Clemons has never played it safe in her career choices. After cutting her teeth on the Disney channel — she first broke out with a recurring role on the network’s Austin & Ally — Clemons pursued independent films instead of continuing with traditional teen fare. “I was going in and testing for TV shows when I was 18 and I was thinking, ‘These deals are for six years. When I’m 24 do I want to be doing this TV show on the Disney channel?” she says. Soon after, she scored a role in the 2015 indie Dope playing Diggy, a queer high schooler whose best friend accidentally winds up in possession of a drug dealer’s stash. The film, which also starred up-and-comers like Shameik Moore and Lakeith Stanfield, was a critical success and a turning point for Clemons, who identifies as queer. “[It] broke me out from being perceived as straight [and] it broke me out of Disney,” she says.

"There’s never a world in which I’m criticizing a Black person for not wanting to see a movie where there’s violence depicted against Black folks."

Though she has publicly spoken about her relationship with her former stunt double Ebony De La Haye, Clemons wasn’t always open about her sexuality. “I was getting queer parts before I had even come out. Maybe it was kismet,” she explains. Clemons so effortlessly embodied the tomboyish, quintessentially California Diggy that the film ushered in a spate of similarly queer, hipster roles. In Netflix’s Easy she played a young lesbian trying become a vegan to impress her new girlfriend. In 2018 she co-starred alongside Nick Offerman in Hearts Beat Loud, playing his queer teenage daughter. And last year she performed in Fox’s live television adaptation of Rent as gay public interest lawyer Joanne.

Between those roles and being one of the few out Black, queer, young women in Hollywood, the media was quick to label Clemons as an “activist.” But it’s a distinction Clemons isn’t so sure she’s earned. “[Activist] was something that was put on me just because I'm a queer Black femme. I'm realizing that activism is a league of its own,” she says. “It’s an issue that I have with Hollywood right now. [They’ll] put light skinned Black girls on magazine covers and call us ‘heroes’ and ‘activists’ when we're really just Black folks saying, ‘This is the way in which you're violent towards us.’ I don't think that earns the title of activism.”

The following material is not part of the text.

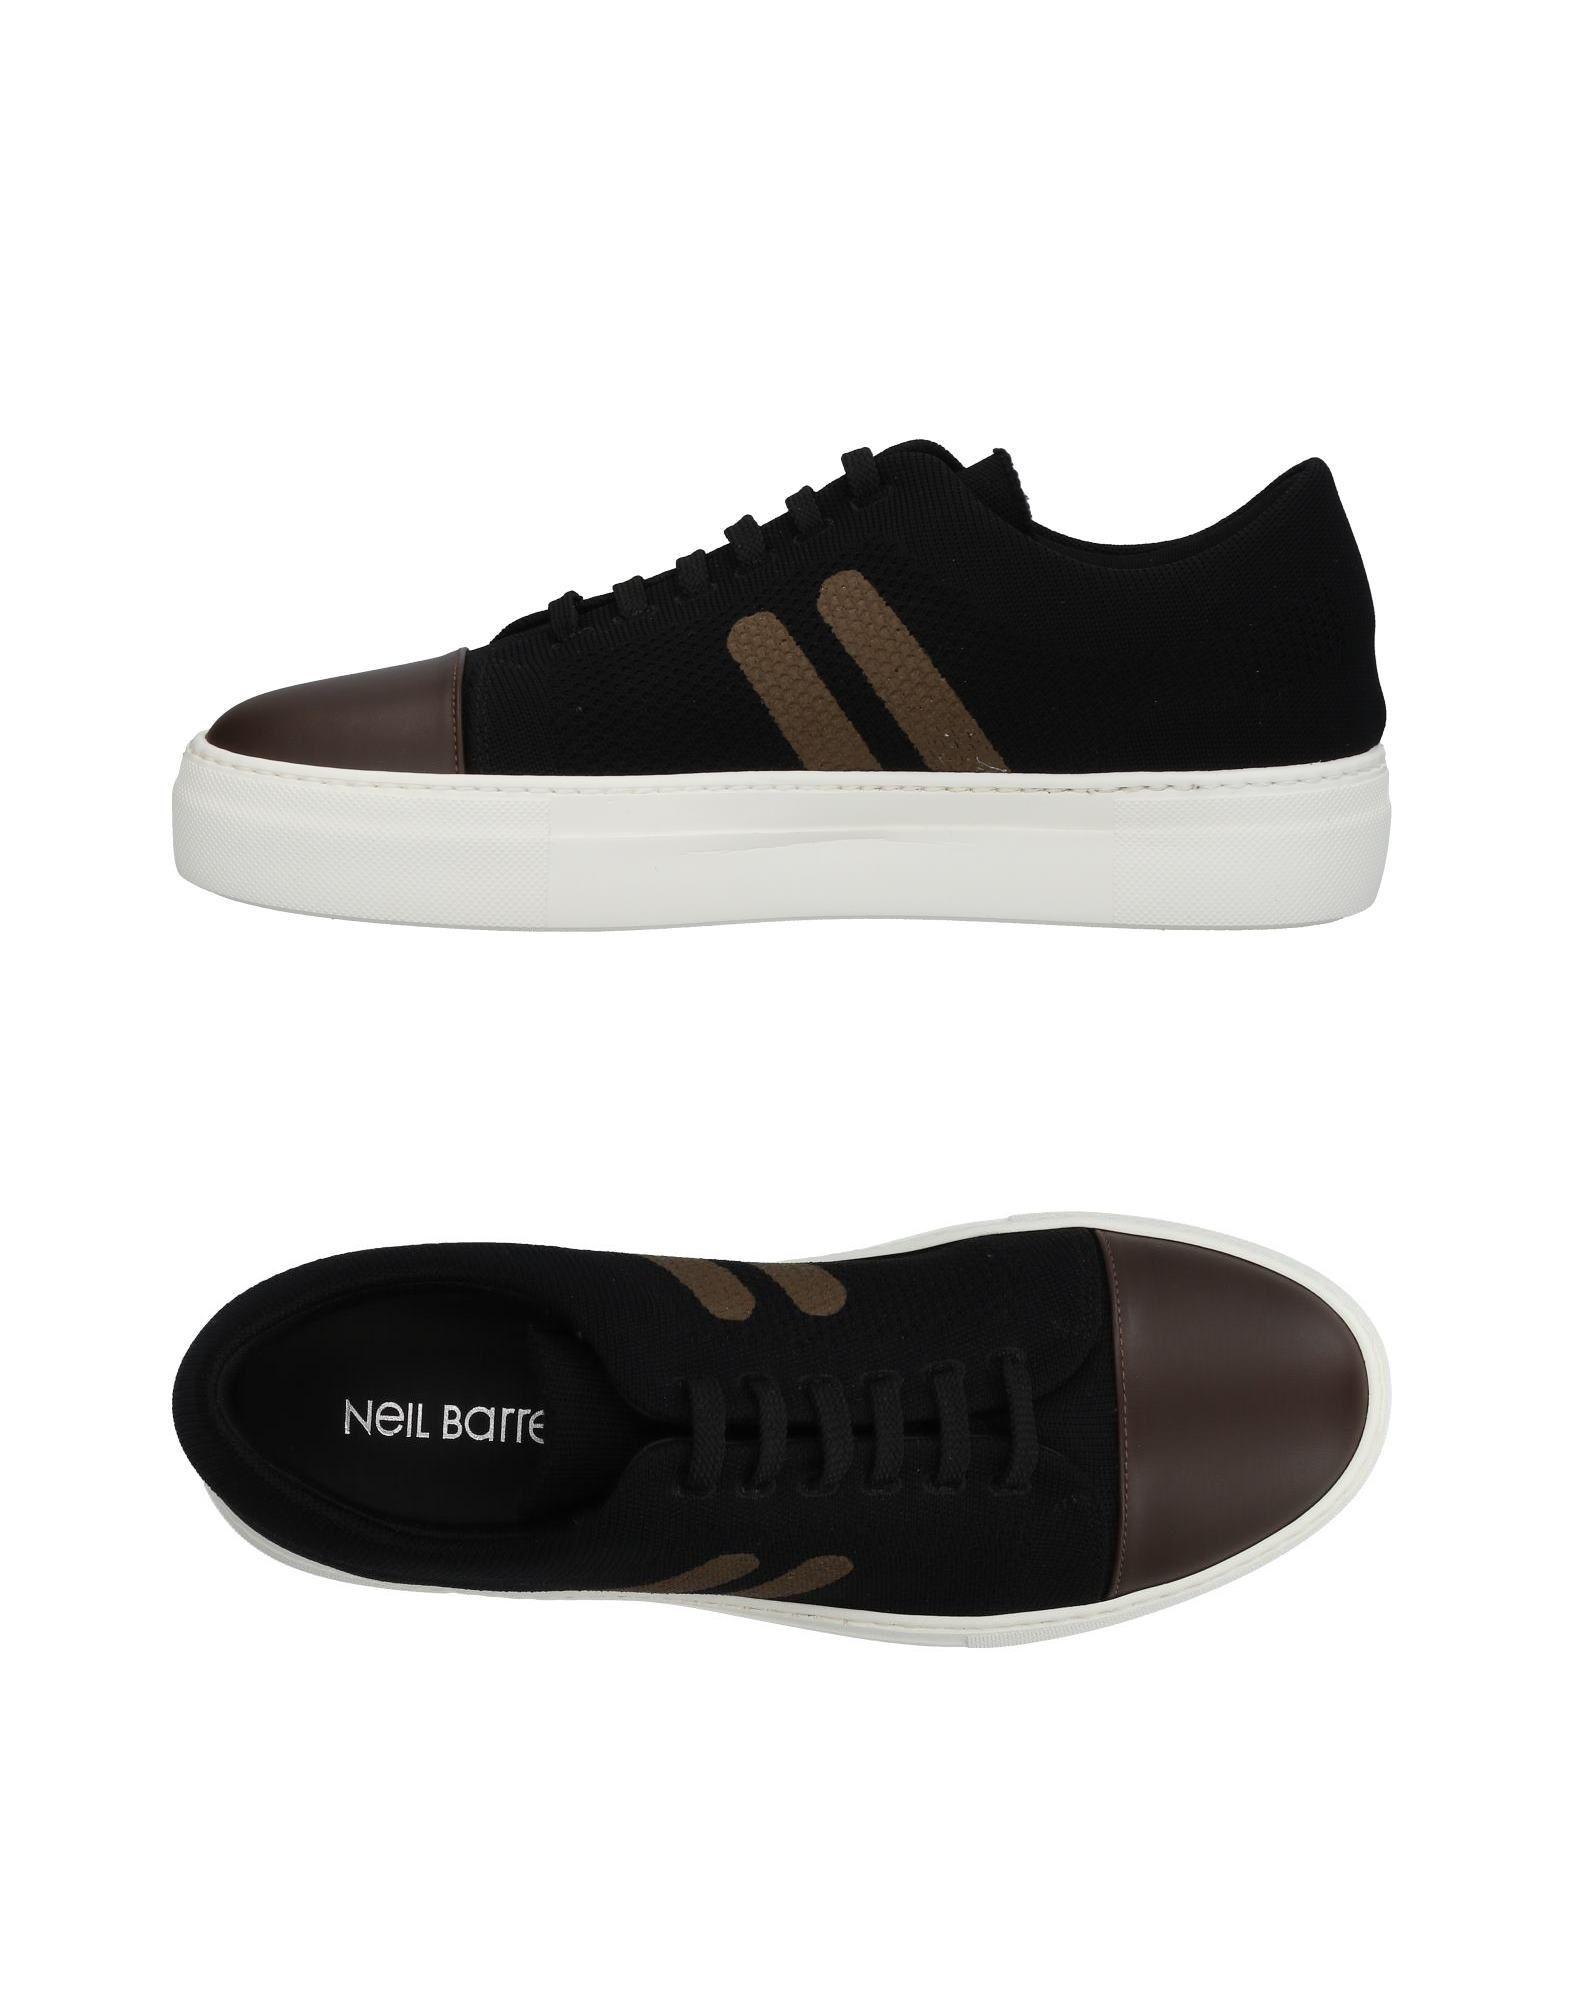 Neil Barrett Sneakers Herren  11446681XN Gute Qualität beliebte Schuhe
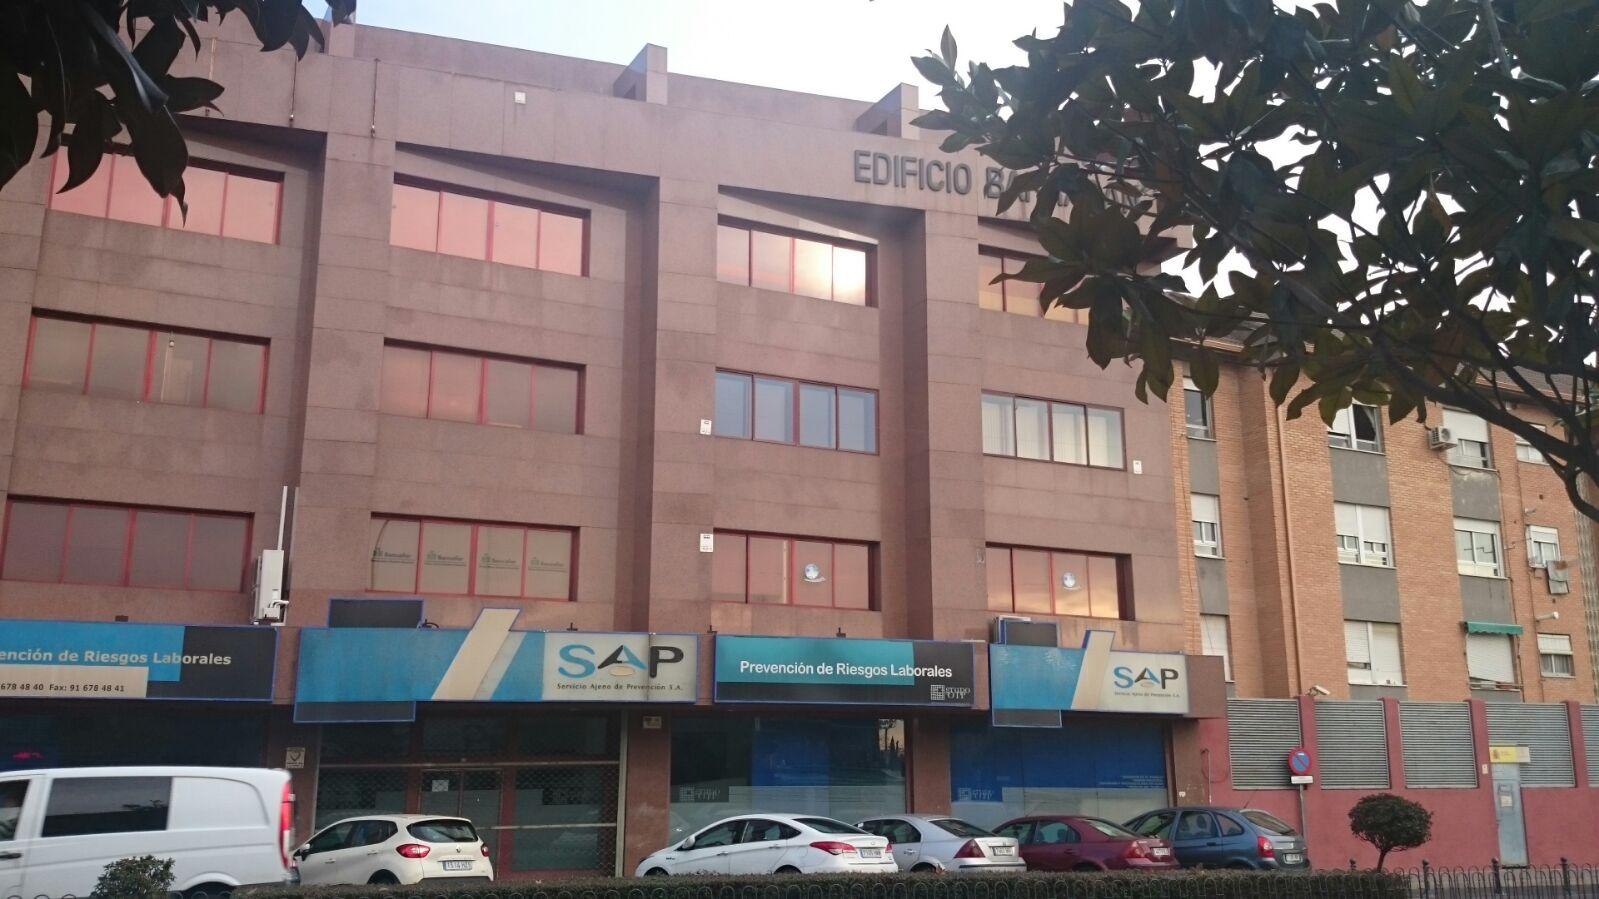 Alerta trama estafadores creditya oficina en torrej n de for Oficina de empleo torrejon de ardoz

Activist or not, Clemons is steadfast in what she stands for. Which includes Antebellum, despite critics calling its portrayal of slavery both "hollow" and "tone deaf." “People have such criticisms of Antebellum [because] we're so limited [in the Black stories we see on screen],” she says. “White folks don't get that sh*t with their movies because they have so many movies [that] the ones people have criticisms about get washed out. They have another movie to move on to, whereas we don't always have that. And what is that about?” Because if Clemons is going to take your criticism, she's earned the right to dish it back.